Spotlights and Zoom Lenses

A variant on the capacity model is the spotlight metaphor of attention initially proposed by Michael Posner and later adopted by Broadbent as well. In this view, metaphorically speaking, paying attention to something "throws light on the subject". The attentional spotlight "illuminates" whatever occupies the space it is focused on, permitting the information provided by that object to be processed. Once engaged on a particular portion of the stimulus environment, attention can also be disengaged and shifted elsewhere in response to various kinds of cues -- a process that takes some (small) amount of time. In Posner's theory, engagement, disengagement, and shifting (or movement) constitute elementary components in the attentional system, and someone who suffers from "attentional deficit disorder" presumably has a deficit in one or more of these components. Interestingly, neuropsychological and brain-imaging studies indicate that each of these component processes is controlled by a different attentional module, or system, in the brain. According to the spotlight metaphor, shifting attention moves the attentional spotlight from one portion of the sensory field to another. However, the attentional spotlight is not like a real spotlight. In the first place, there is only one of them: it is not possible to illuminate more than one portion of space at a time. Moreover, the attentional spotlight cannot expand or contract, so that, wherever it shines, it illuminates a constant portion of space. Along the same lines, other theorists have offered an analogy between attention and the zoom lens on a camera. There is only one zoom lens, just as there is only one spotlight, but unlike the attentional spotlight, the attentional zoom lens can widen or narrow its focus.

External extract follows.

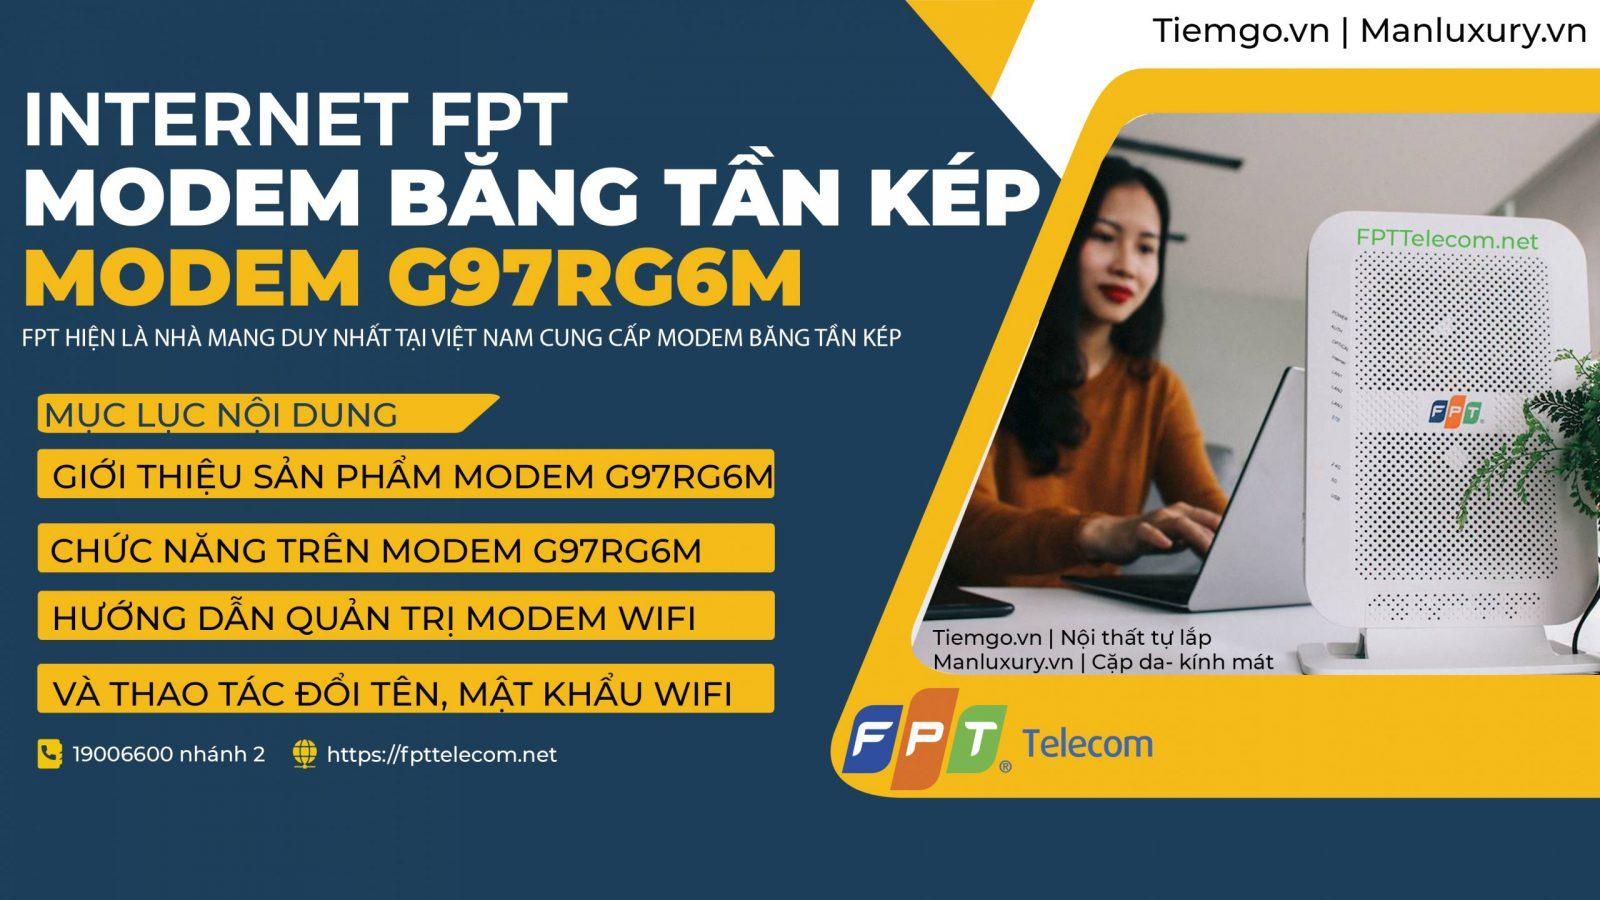 Modem wifi băng tần kép FPT
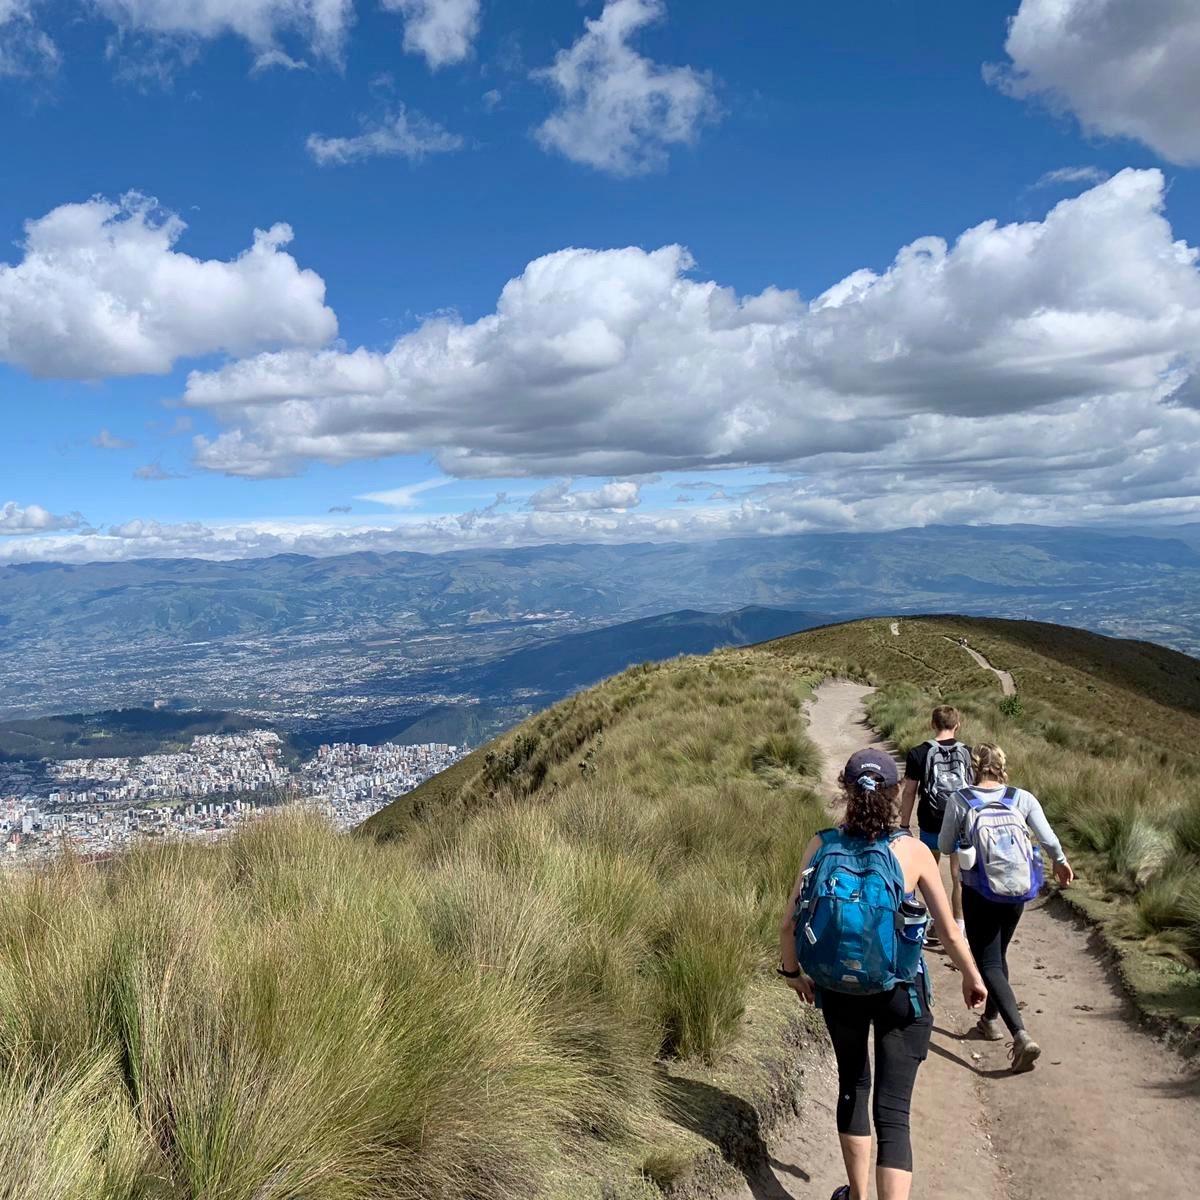 Three people hiking on a path

Of course, there is no reason why the scope of the attentional spotlight cannot be changed, just as is possible with a real spotlight, so the two models are not necessarily incompatible in that respect. However, comparing the two metaphors raises the question of what happens to objects that are outside the attentional field. A zoom-lens mechanism would seem to exclude them entirely, so we would not expect any substantial "preattentive" processing to occur.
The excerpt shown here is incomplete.